Lawan Yamaha kemudian Kawasaki, Hero Siapkan Motor Hybrid

TOKYO – Dalam beberapa tahun terakhir, lapangan usaha otomotif global sudah pernah mengamati pengembangan signifikan pada hal efisiensi komponen bakar lalu pengurangan emisi, dengan berbagai produsen memperkenalkan kendaraan hibrida kemudian listrik.
Namun, lingkungan ekonomi sepeda gowes motor khususnya di dalam India belum sepenuhnya mengikuti tren ini. Meskipun ada beberapa contoh sepeda gowes motor hibrida seperti Kawasaki Ninja 7 Hybrid juga Yamaha Fazzio, pilihan yang disebutkan masih terbatas.
Namun, Hero MotoCorp dari India berencana untuk mengakibatkan pembaharuan besar dengan mengembangkan sistem penggerak hibrida baru, kemungkinan besar untuk skuter kemudian sepeda gowes motor berkapasitas kecil.
CEO Hero MotoCorp, Niranjan Gupta, mengungkapkan bahwa perusahaan sedang mengeksplorasi berbagai teknologi powertrain alternatif untuk menghadapi tantangan masa depan pada mobilitas. Ini adalah termasuk fokus pada material bakar fleksibel, teknologi berbasis etanol, serta tentunya, teknologi hibrida.
Proyek Hibrida: Hero MotoCorp sedang mengembangkan sistem hibrida yang digunakan dapat diaplikasikan pada model sepeda gowes motor lalu skuter mereka.
Meskipun detail spesifik mengenai model yang dimaksud akan diresmikan masih belum diumumkan, perusahaan miliki berbagai model yang cocok untuk penerapan teknologi ini. Ini adalah termasuk skuter kecil seperti Xoom 110 juga kendaraan beroda dua motor komuter seperti Maverick 440, yang tersebut juga berbagi wadah dengan Harley-Davidson X440.

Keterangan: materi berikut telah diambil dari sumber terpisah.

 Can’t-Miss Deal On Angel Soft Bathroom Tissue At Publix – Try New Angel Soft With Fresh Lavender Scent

Seperti pada mobil hibrida, sepeda gowes motor hibrida akan menggabungkan motor listrik dengan mesin pembakaran internal. Motor listrik biasanya berfungsi pada kecepatan rendah kemudian RPM rendah, membantu mesin pembakaran internal dengan tenaga tambahan.
Beberapa sistem hibrida mungkin saja menyediakan mode serba listrik untuk kecepatan rendah, sementara mesin pembakaran internal akan berpartisipasi pada kecepatan lebih lanjut tinggi atau pada waktu tenaga listrik habis.

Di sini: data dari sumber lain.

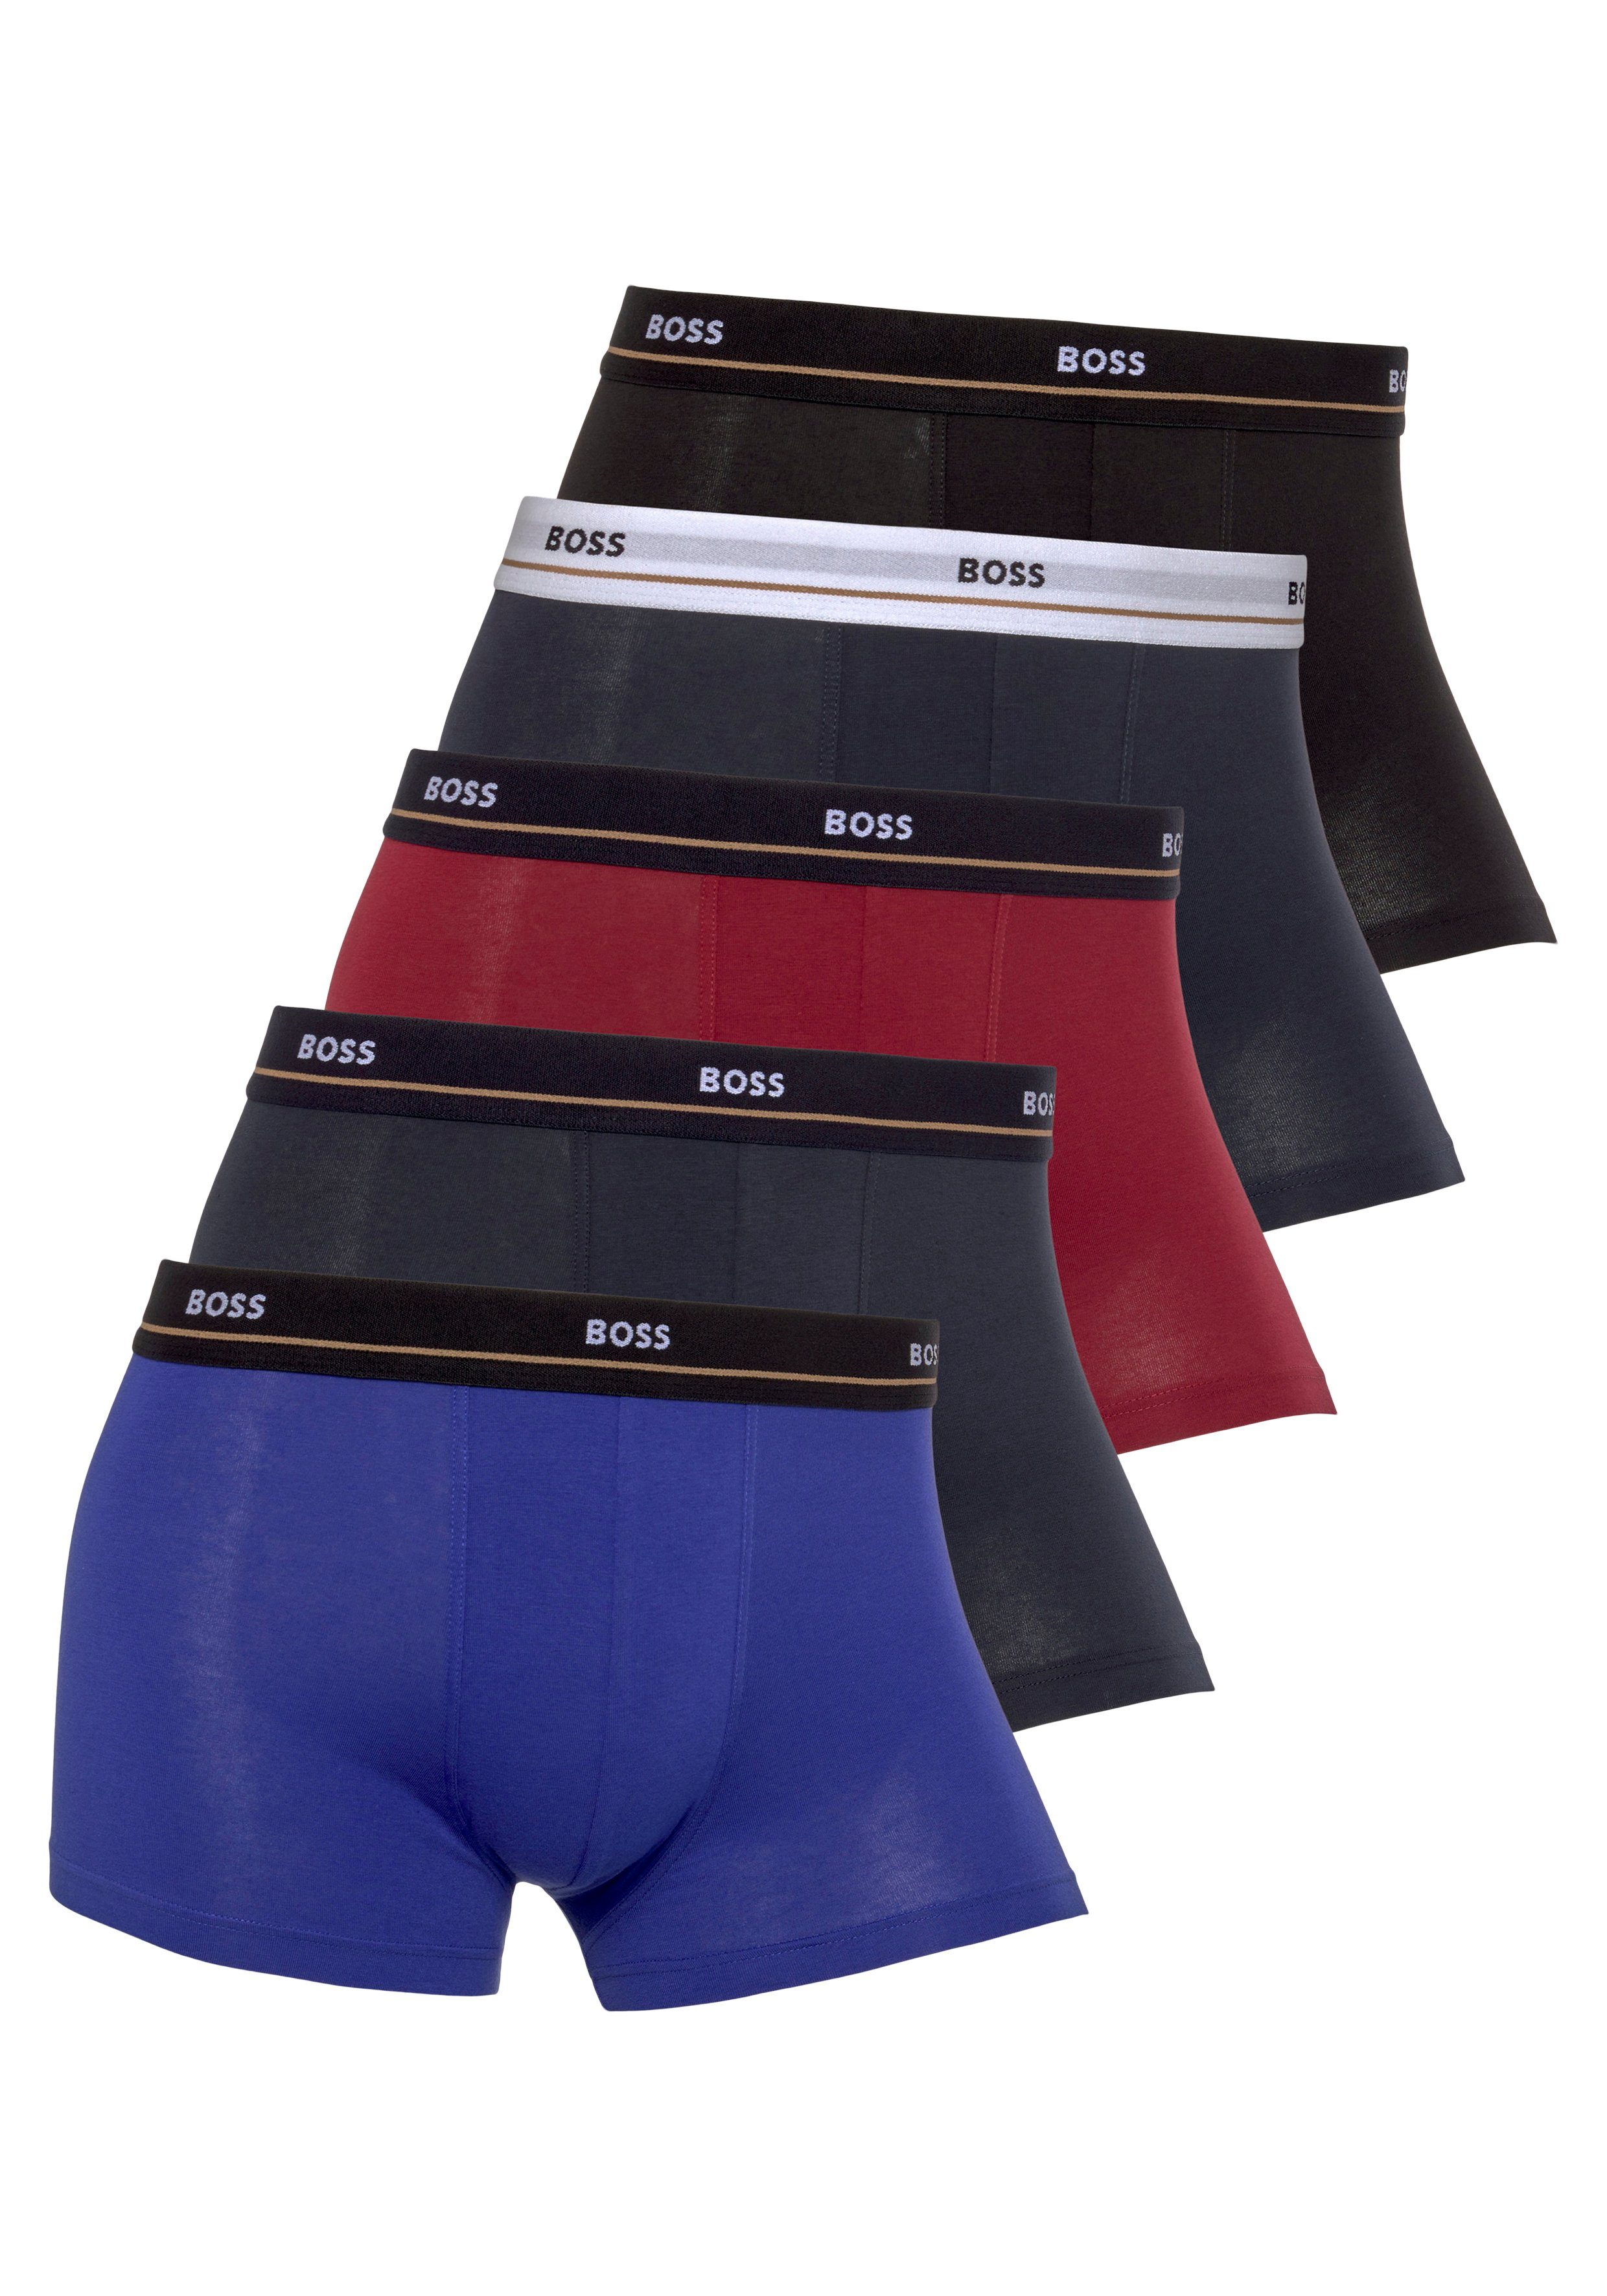 BOSS Trunk Trunk 5P Essential (Packung, 5-St., 5er Pack) mit Logobund Open-Miscellaneous | Boxershorts

Sistem hibrida ringan, seperti yang digunakan ditemukan pada Yamaha Fazzio, menghubungkan motor listrik ke poros engkol mesin, berfungsi sebagai pengganti motor starter lalu memberikan dorongan tambahan pada waktu akselerasi. Namun, pada sistem ini, mesin bensin masih menyala terus-menerus juga tak memiliki mode serba listrik.